Member of the U.S. House of Representatives from Arizona's 7th district
- Incumbent
- Assumed office November 12, 2025
- Preceded by: Raúl Grijalva

Member of the Pima County Board of Supervisors from the 5th district
- In office January 1, 2021 – April 4, 2025
- Preceded by: Betty Villegas
- Succeeded by: Andrés Cano

Personal details
- Born: Adelita Shirley Grijalva October 30, 1970 (age 55) Tucson, Arizona, U.S.
- Party: Democratic
- Spouse: Sol Gómez
- Children: 3
- Relatives: Raúl Grijalva (father)
- Education: University of Arizona (BA)
- Website: House website Campaign website

= Adelita Grijalva =

American politician (born 1970)

Adelita Shirley Grijalva (born October 30, 1970) is an American politician who has served as the U.S. representative for Arizona's 7th congressional district since November 12, 2025. A member of the Democratic Party, she previously served as a member of the Pima County Board of Supervisors for District 5 from 2021 to 2025 and on the Tucson Unified School District Governing Board from 2002 to 2022. She is the daughter of former U.S. representative Raúl Grijalva, who represented the district from 2003 until his death in 2025.

On September 23, 2025, Grijalva was elected to the U.S. House of Representatives in a special election to succeed her father, defeating Republican nominee Daniel Butierez.

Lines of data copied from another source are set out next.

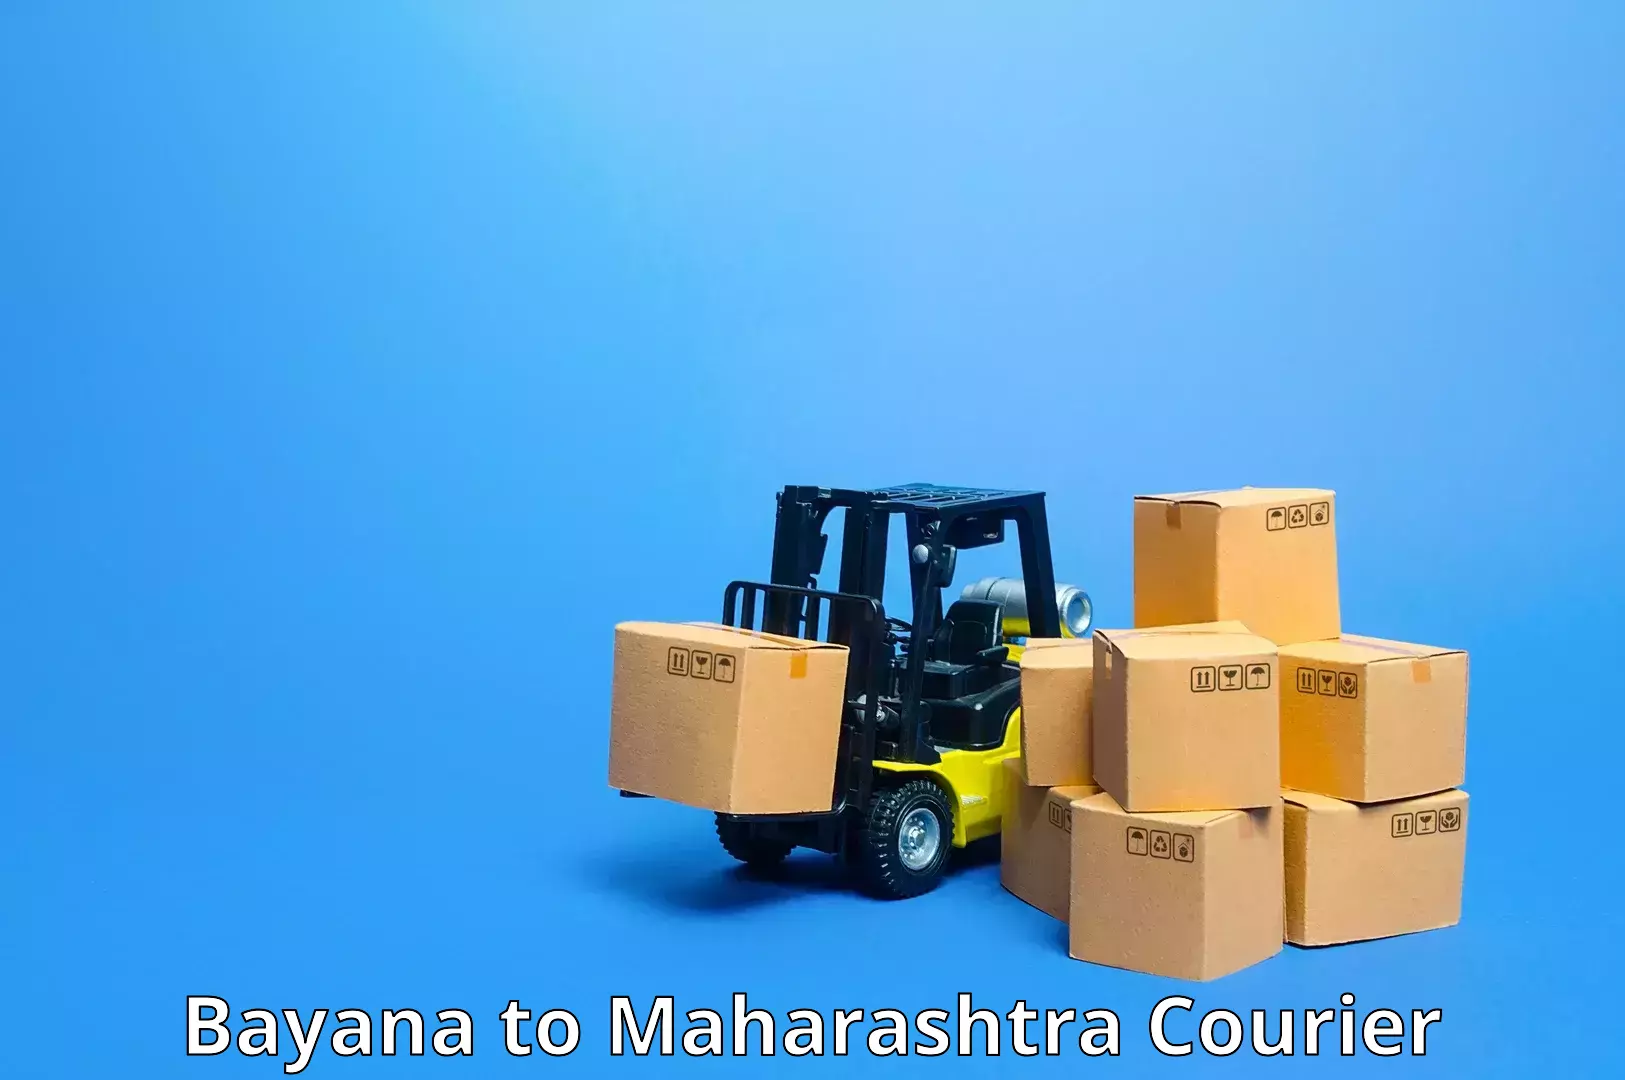 Logistics service provider Bayana to Brahmapuri
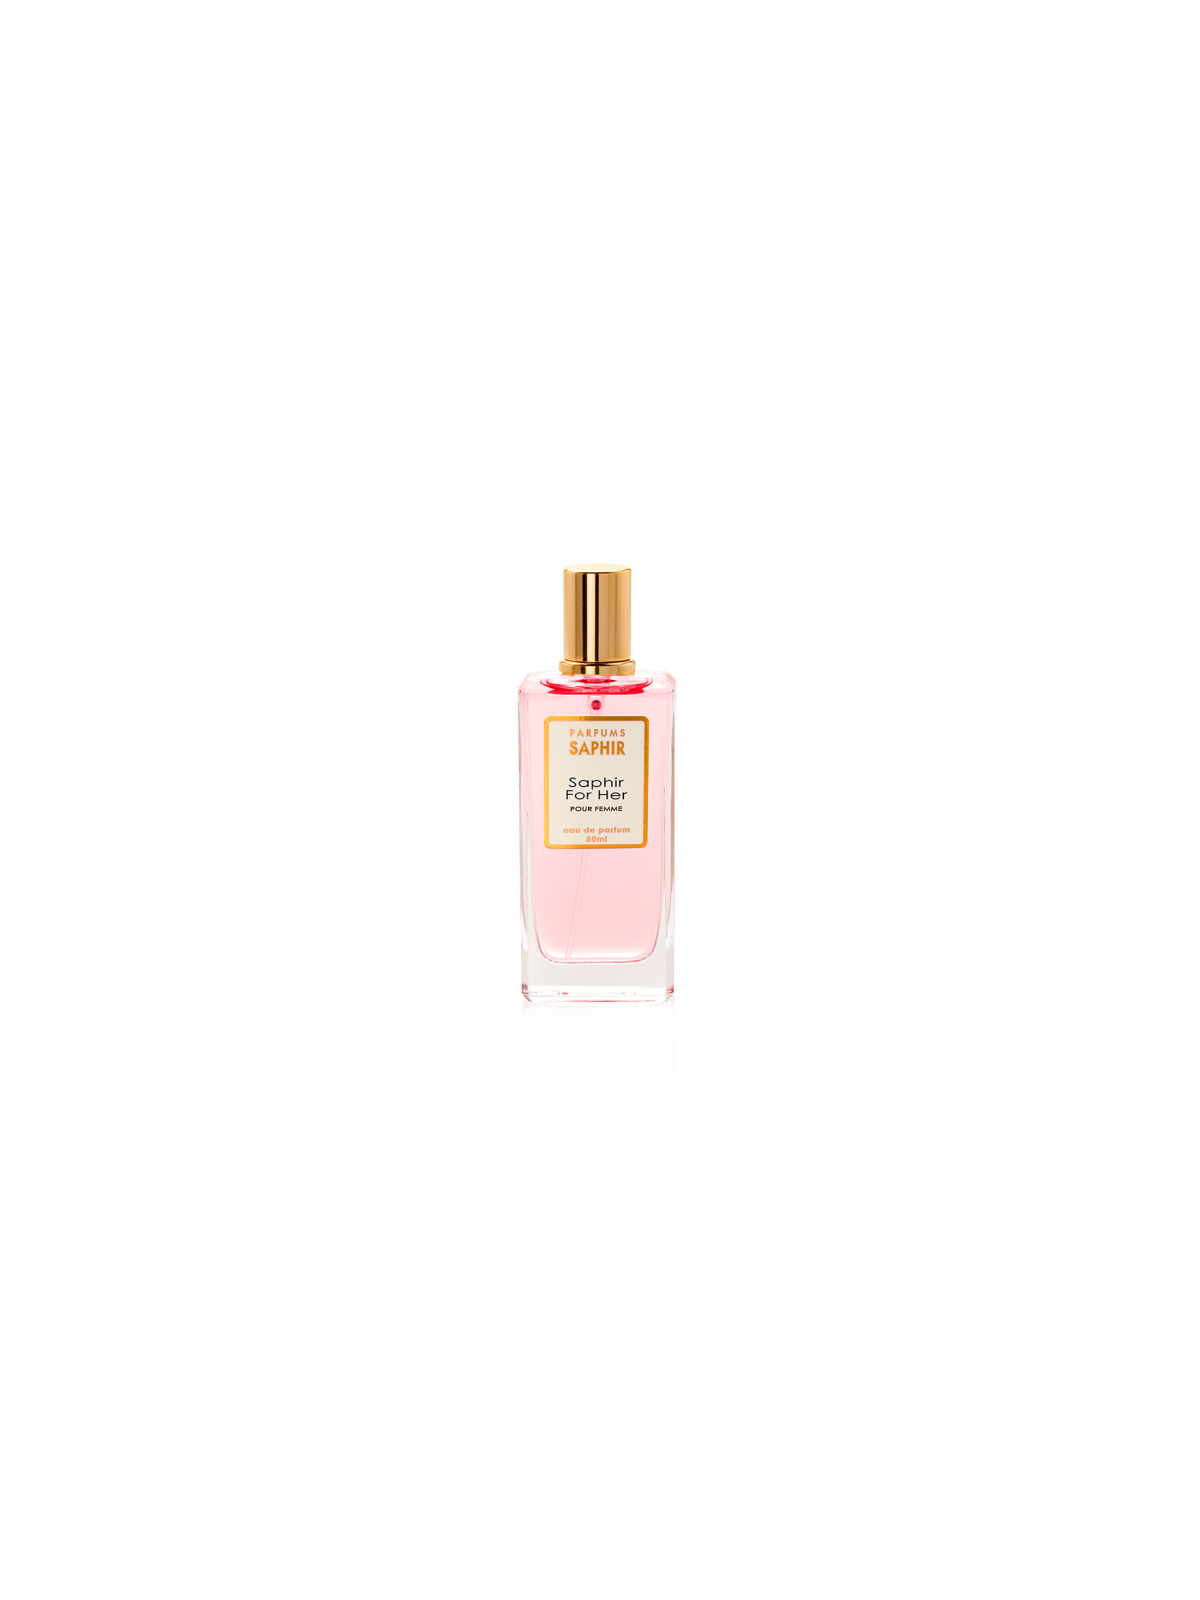 Comprar Perfume SAPHIR for Her 50ml. en Perfumes para mujer por sólo 4,95 € o un precio específico de 4,95 € en Thalie Care
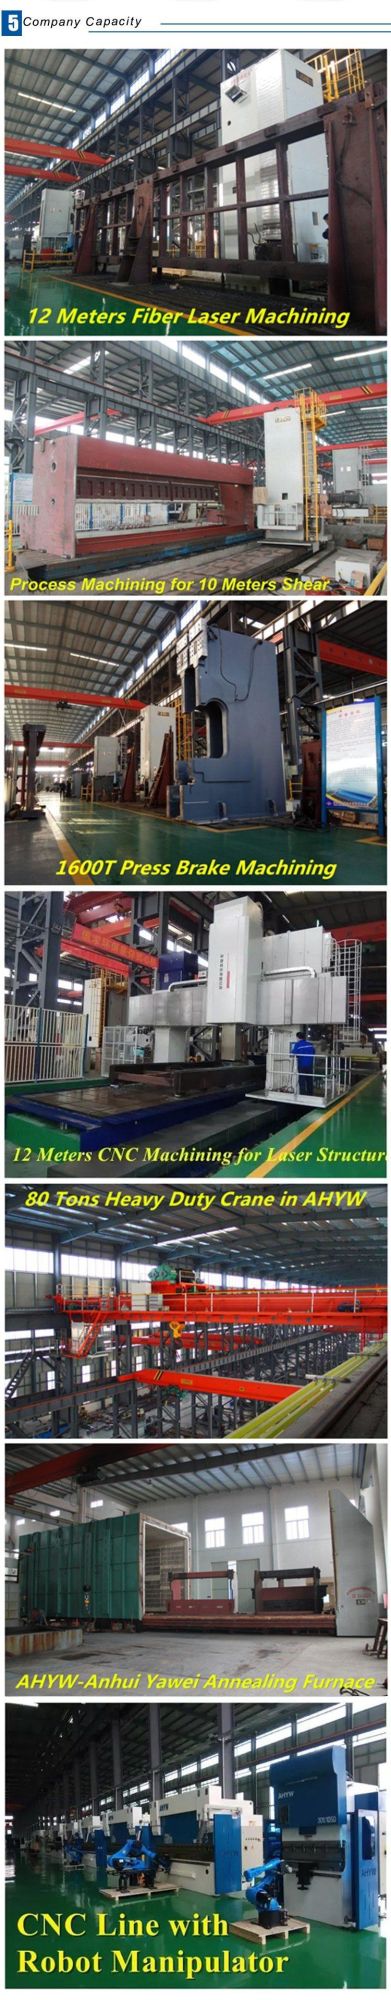 CNC Cutting Hydraulic Squaring Shearing Machine 6*3200
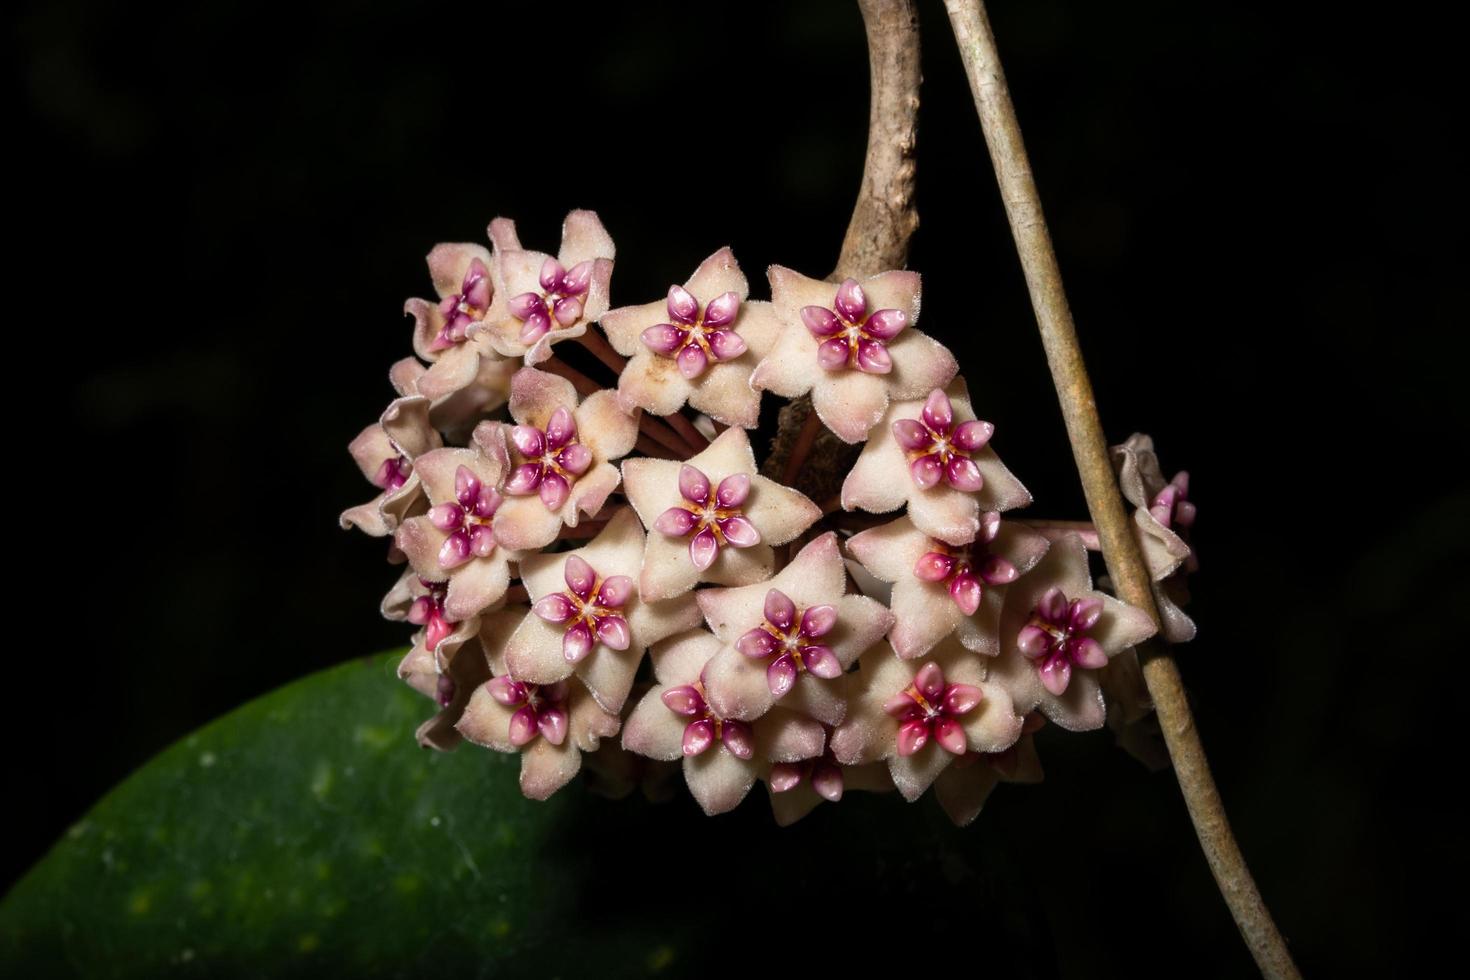 Hoya flowers, close-up photo
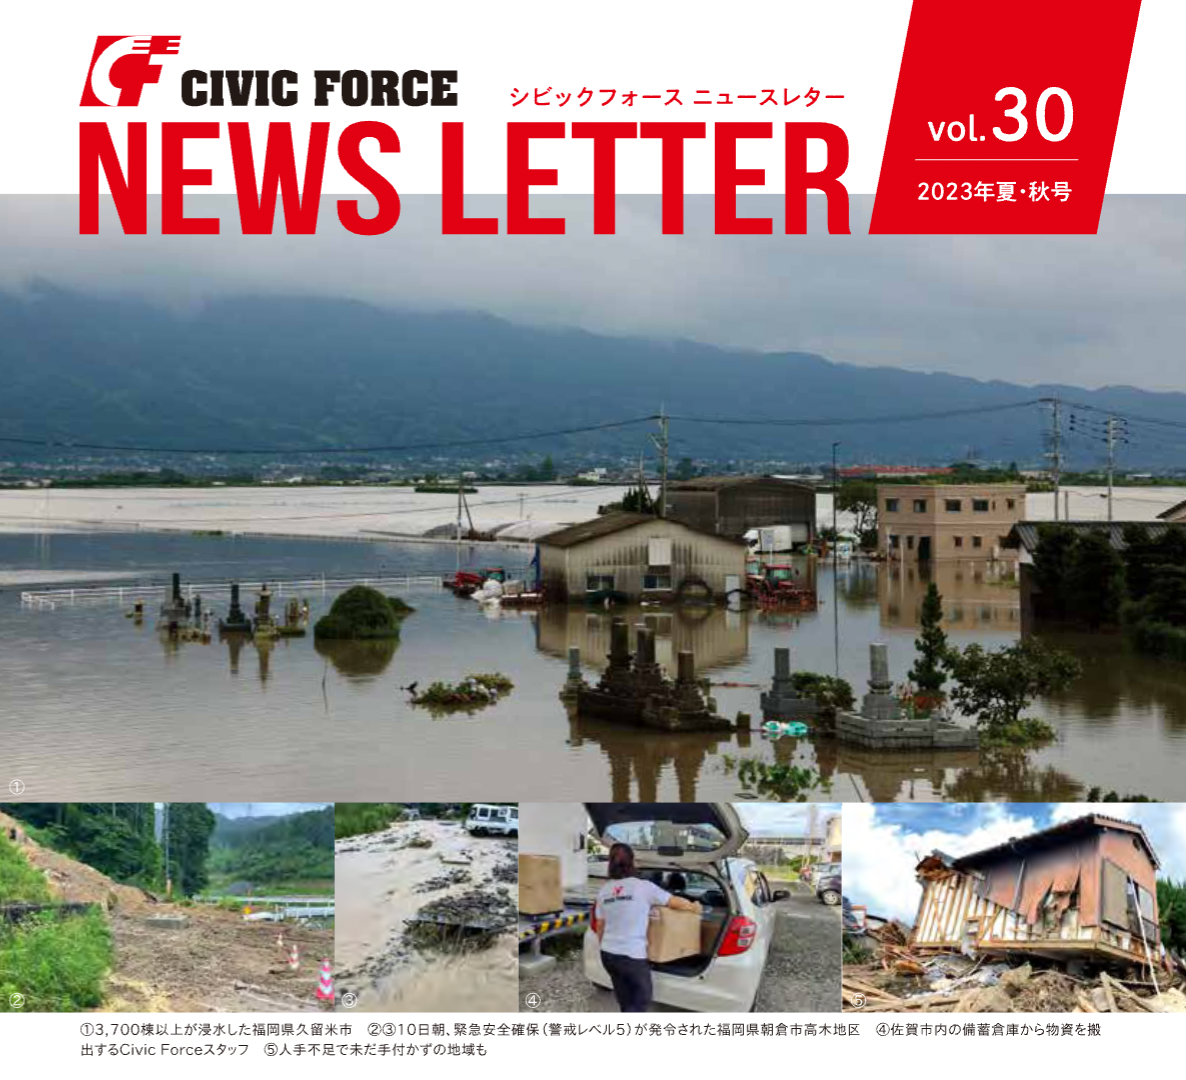 ニュースレターVol.30 発行　ー7月大雨被災地支援
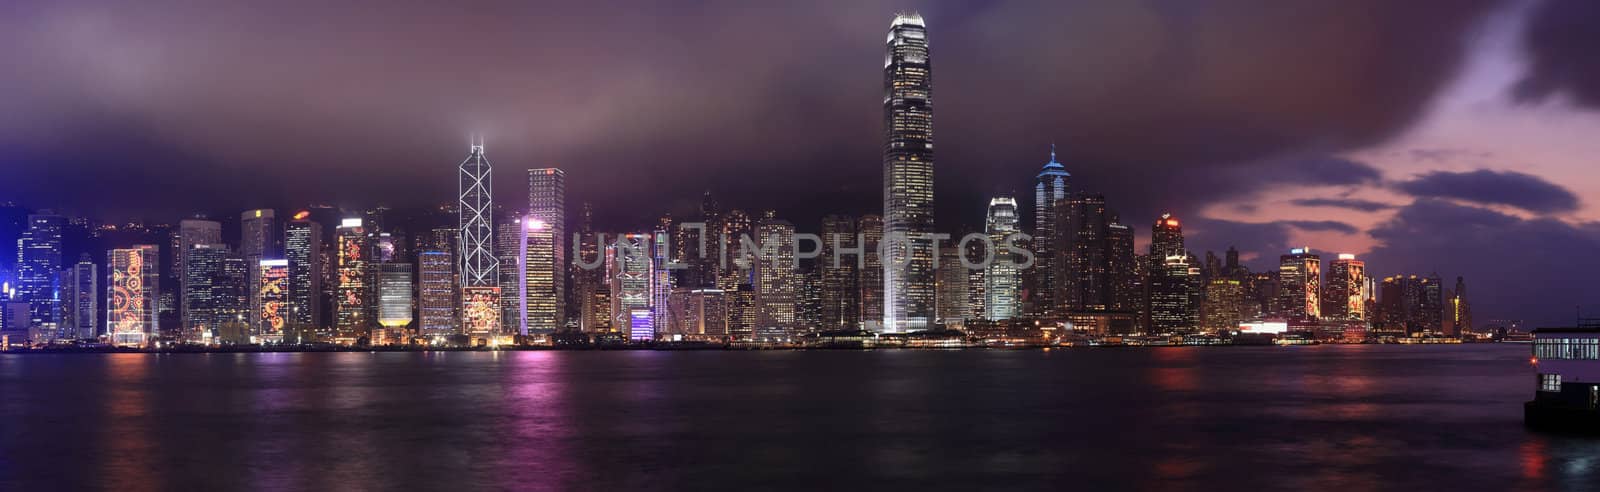 Hong Kong at night panorama by leungchopan

In a move widely criticized by Democrats, the speaker of the House, Mike Johnson, refused to swear her in, promising to delay the swearing-in until the end of the 2025 United States federal government shutdown, which began the week after she won the special election. She was sworn in on November 12 after a seven-week delay, the longest in congressional history.

==Early life and education==
Grijalva is a native Tucsonan, the granddaughter of a bracero who came to the United States from Mexico in 1945 and the eldest daughter of her congressional predecessor, former U.S. representative Raúl Grijalva. She graduated from Pueblo High School in 1989 and the University of Arizona with a Bachelor of Arts degree in political science in 1995.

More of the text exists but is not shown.